Base erosion and profit shifting

Tax challenges of digitalisation: OECD invites public input on the draft rules for nexus and revenue sourcing under Amount A of Pillar One


04/02/2022 - As part of the ongoing work of the OECD/G20 Inclusive Framework on BEPS to implement the Two-Pillar Solution to Address the Tax Challenges Arising from the Digitalisation of the Economy, the OECD is seeking public comments on the Draft Rules for Nexus and Revenue Sourcing under Amount A of Pillar One.


This public consultation document (également disponible en français), issued on 4 February 2022, contains the first building blocks under Pillar One for which public input will be sought, relating to nexus and revenue sourcing. 


The Inclusive Framework has agreed to release this document in order to obtain public comments, but the draft rules do not reflect consensus regarding the substance of the document. The stakeholder input received on the Draft Rules for Nexus and Revenue Sourcing will assist members of the Inclusive Framework in further refining and finalising the relevant rules.


Interested parties are invited to send their written comments* no later than 18 February 2022. Instructions for submitting comments can be found in the consultation document.




The purpose of the revenue sourcing rules is to allow in-scope MNEs to identify the relevant market jurisdictions from which revenue is derived, and to apply the revenue-based allocation key. As noted in the October 2021 agreement, revenue is sourced to the end market jurisdictions where goods or services are used or consumed.


To do this, the revenue sourcing rules provide the detail that is necessary to identify the end market for specific categories of transactions. By providing different rules for different categories of transactions, the rules seek to take the relevant commercial context into account, and ensure that the rules are complete so that they can be applied to all types of MNEs. Not all categories are relevant for each type of MNE. For example, some consumer goods MNEs will only need to apply the rules related to finished goods and will not need to apply any of the other categories of sourcing rules; others might apply the rules for online advertising for much of their revenue.


The revenue sourcing rules have been designed to fulfil the policy objective of accurately identifying the market jurisdiction and the associated revenue, while limiting and simplifying compliance burdens as much as possible. This balance is struck in a number of ways. 


First, the rules used to identify the market jurisdiction (as defined for that category) are designed to allow MNEs to, as much as possible, draw on information that they are already collecting and using as they operate their business, and avoid the need to change information collection practices or create new reporting obligations. While the rules provide a consistent identification of the end market, they have been designed with in-built flexibility as to how the MNE applies that rule, without being prescriptive as to which data point must be used. This recognises that different business models will have different types of information at hand.

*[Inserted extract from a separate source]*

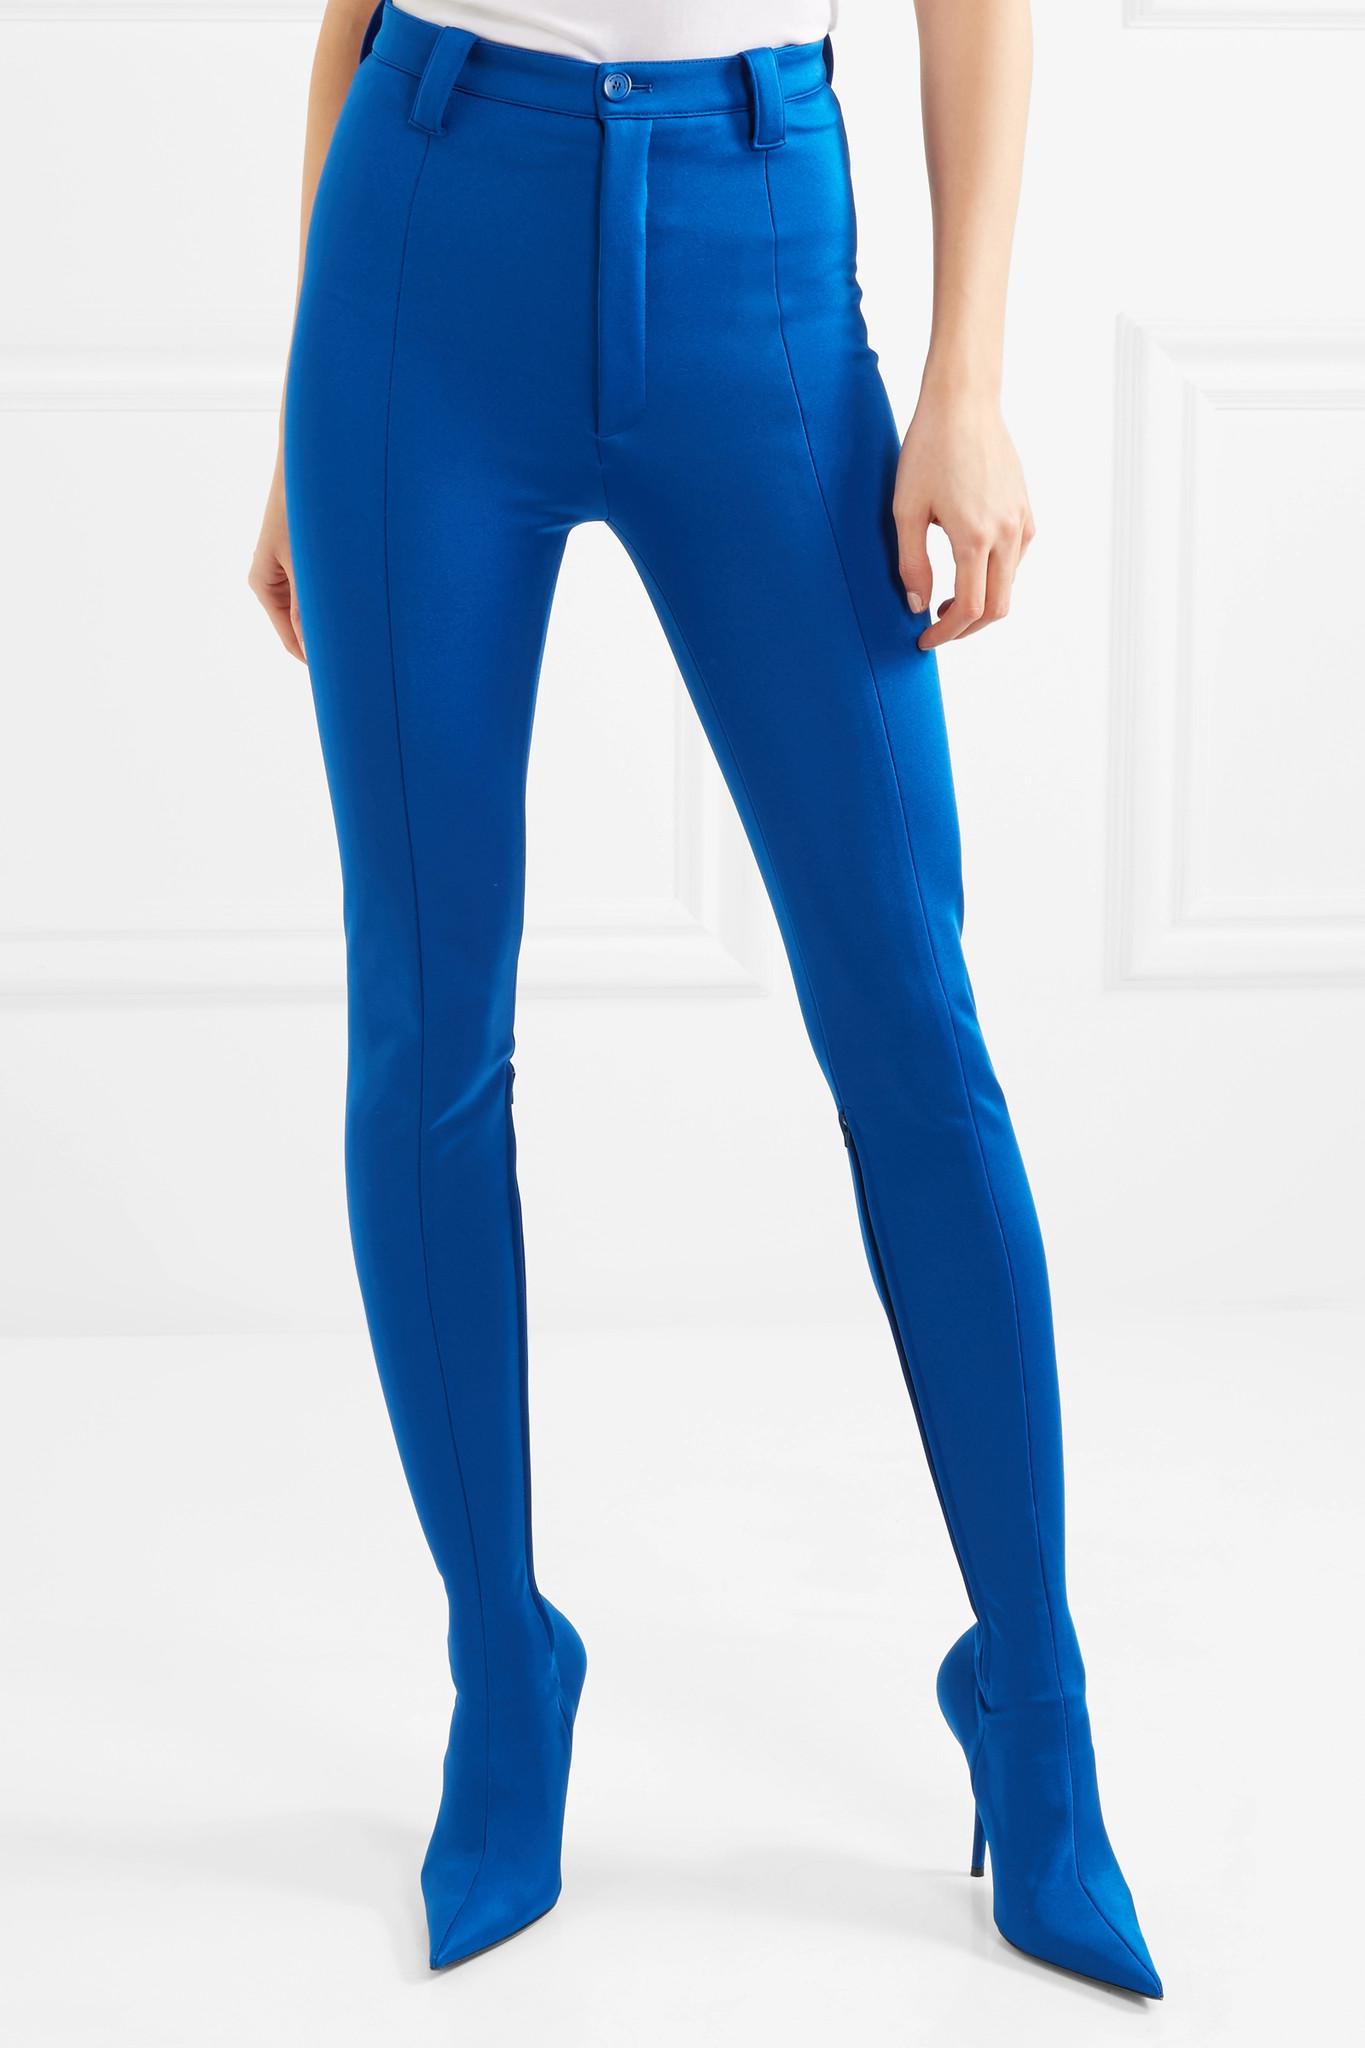 Balenciaga Pantashoe Spandex Skinny Pants in Blue | Lyst

The revenue sourcing rules acknowledge that there will be cases where transactional information is not available to the MNE or where it would be disproportionately burdensome to obtain it. In these cases the rules allow for the use of proxies including allocation keys, rather than require highly complex and new information reporting systems, or changes in commercial contracting arrangements. The allocation keys use either industry or macro-economic data to provide a simplified way to approximate the end market, that provides certainty while ensuring that all revenue is sourced without gaps. This should significantly ease compliance burdens in the most difficult revenue sourcing cases, such as sales through independent distributors, sales of components, and B2B services.


Compliance burdens are also addressed in a number of other ways. This includes a materiality approach to smaller sets of sales where the market cannot reasonably be identified at transactional level (such as sales through independent distributors); taking into account the nature of distribution arrangements in the EU single market; maximising the commercial information available to the MNE that can “knock-out” unlikely markets to result in a more tailored allocation key; allowing certain “supplementary” de minimis transactions to be sourced in the same way as the main transaction to limit the different types of rules that need to be applied. It also includes a coherent design in the sourcing rules to identify the same end market in cases where there is a potential for an overlap in the categorisation of certain revenue streams, thus easing the pressure on characterisation questions and by anticipating a systems level compliance approach in connection with an early certainty process that is part of a multilateral and binding dispute prevention and resolution regime.


However, striking the balance between accuracy and operational realities is a challenge in any rule design. Stakeholder input will be especially valuable in identifying cases where this balance could be better achieved, and finalising the delivery of revenue sourcing rules that achieve the desired policy objective but at the same time are practical and avoid unnecessary burdens.



For further information or inquiries, please contact [email protected].


*Please note that all written comments received will be made publicly available on the OECD website. Comments submitted in the name of a collective "grouping" or "coalition", or by any person submitting comments on behalf of another person or group of persons, should identify all enterprises or individuals who are members of that collective group, or the person(s) on whose behalf the commentator(s) are acting. Speakers and other participants at the upcoming public consultation meeting will be selected from among those providing timely written comments.